Our study, with the largest sample size, found a significantly increased risk of preeclampsia for G894T and T-786C polymorphisms, but not for VNTR 4b/a, which were partially consistent with the previous meta-analyses. In addition to the larger number of studies included leading to an increased statistical power, the following reasons could also explain the discrepancy. Firstly, the two previous meta-analyses did not exclude studies with controls not in HWE from the pooled analysis, and this may introduce potential selection bias in their findings. Not excluding studies with HWE-violation may result in the overestimation of the statistical significance of some postulated gene-disease associations, and it also seemed to modestly increase the between-study heterogeneity in some instances, thus distorting the findings34. In the current meta-analysis, seven studies for G894T14,17,28,29,30,31,35, two studies for T-786C32,36, and four studies for VNTR 4b/a14,18,21,37 deviated from HWE. After adding these studies into the pooled analyses, the overall risk and between-study heterogeneity were not significantly changed except for a significant reduction of heterogeneity for G894T (from 52.5% to 38.8%). However, no significant change was found for T-786C. Secondly, some extracted data in the previous meta-analysis (e.g., revealed in Dai et al.11 Table 1), were not accurate. In addition, studies with unreliable datasets (Tempfer et al.27), with controls having hypertension in pregnancy (Sandrim et al.26), and with duplicate publication24,25 were included in the previous meta-analyses11,27, which may also explain the different results found between our study and the previous meta-analyses.

The evidence that NOS3 G894T and T-786C polymorphisms increase the risk of preeclampsia is biologically plausible. The NOS3 gene is responsible for encoding eNOS, a critical enzyme synthesizing NO through the conversion of L-arginine to L-citrulline in the vascular endothelium, by using molecular oxygen4. Circulating NO, the biologically active free radical, plays critical roles in vascular homeostasis38. Endogenously synthesized NO promotes tissue perfusion by the relaxation of vascular smooth muscle. It may also protect against foam cell formation and media hypertrophy39. A reduced production of NO in women with preeclampsia compared with normal pregnant women was observed40. The chronic inhibition of NO synthesis in pregnant rats led to preeclampsia-like syndromes, such as sustained hypertension, proteinuria, thrombocytopenia, and intrauterine growth retardation5. NOS3 G894T polymorphism is located in exon 7 leading to a change from glutamate to aspartate at position 298. This variation was found to be susceptible to cleavage by proteases in endothelial cells and vascular tissue, thus leading to reduced vascular NO synthesis41. G894T has been suggested to reduce eNOS mRNA expression, its activity and NO levels among patients with preeclampsia compared with healthy controls29,31. The T-786C SNP is located in the 5′-flanking region of promoter9. Carriers with the C allele had a significantly reduced luciferase reporter activity, and decreased eNOS transcription and endothelial production of NO9, thereby leading to an increased preeclampsia risk.

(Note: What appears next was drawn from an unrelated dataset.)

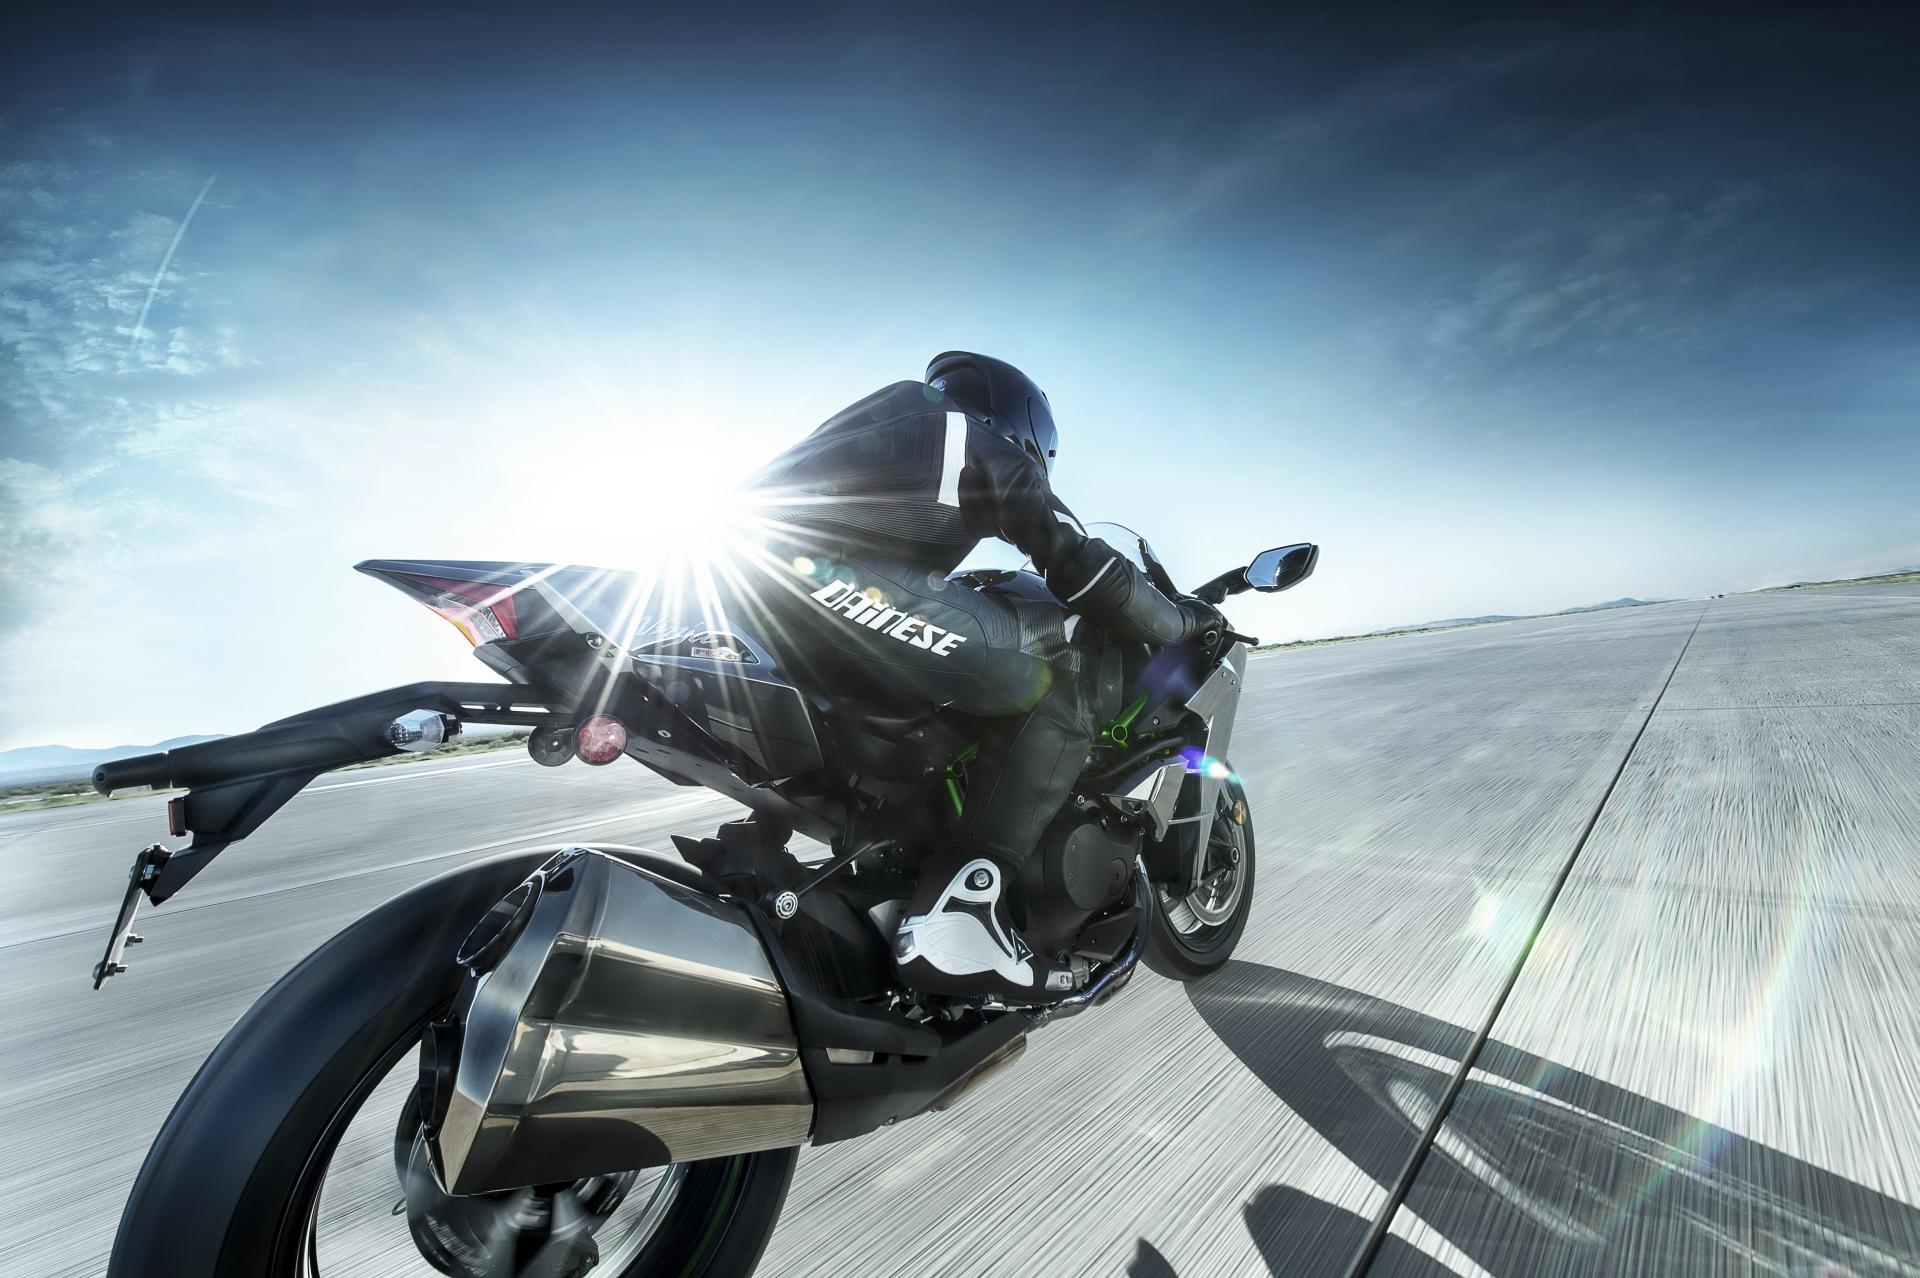 Kawasaki Ninja H2 Price >> Kawasaki Ninja H2 and H2R Prices Confirmed - autoevolution

In the stratified analysis by ethnicity for T-786C, a significantly increased risk of preeclampsia was found in studies conducted among Caucasians and Africans. The significant finding for Caucasians was probably due to the larger sample size in this subgroup. For Africans, the calculation of the FPRP values suggested that the possibility of false-positive reports could not be completely ruled out, and this still needs further confirmation. Stratified analyses also found significant results for high-quality studies both for G894T and T-786C polymorphisms, which may suggest an underestimation of the overall effects for these two polymorphisms because of suboptimal studies.

One strength of our meta-analysis is a thorough literature search and review to identify as many studies as possible which are relevant to this topic. To the best of our knowledge, this meta-analysis included the largest number of original investigations in this area, thereby giving it the most sufficient study power. In addition, efforts were made to assess publication biases through Egger’s and Begg’s regression asymmetry test and funnel plot, and to pinpoint the potential sources of heterogeneity via stratified and sensitivity analyses. In addition, we used an a priori method to determine the most appropriate genetic model and calculated the FPRP to rule out the potential false-positive reports.

Several limitations of the present study also need to be taken into consideration. Firstly, moderate heterogeneity was found for G894T (40.2%) and T-786C (46.9%). For G894T, after excluding one of the studies32 from the overall analysis, the heterogeneity reduced to 24.9%, but with the result not being significantly changed. However, both subgroup and sensitivity analysis did not find out the source of the heterogeneity for T-786C, and this needs further investigation. Secondly, some studies included a category of mixed ethnicity for their study population. These populations could not be included in the ethnicity-specific analysis. Thirdly, some subgroup analysis, e.g., the pooled sample sizes for the subgroup analyses among Asians and Africans for both G894T and T-786C were relatively small (<1,000 for cases), and this may have attenuated the statistical power. Thus, more studies with larger sample sizes are needed to confirm the associations observed in these subgroup analyses. Finally, due to missing information about disease status (e.g., early or late onset; mild or severe disease status), we cannot further explore the associations between NOS3 polymorphisms and preeclampsia risk by disease status, and this may also have influenced the interpretation.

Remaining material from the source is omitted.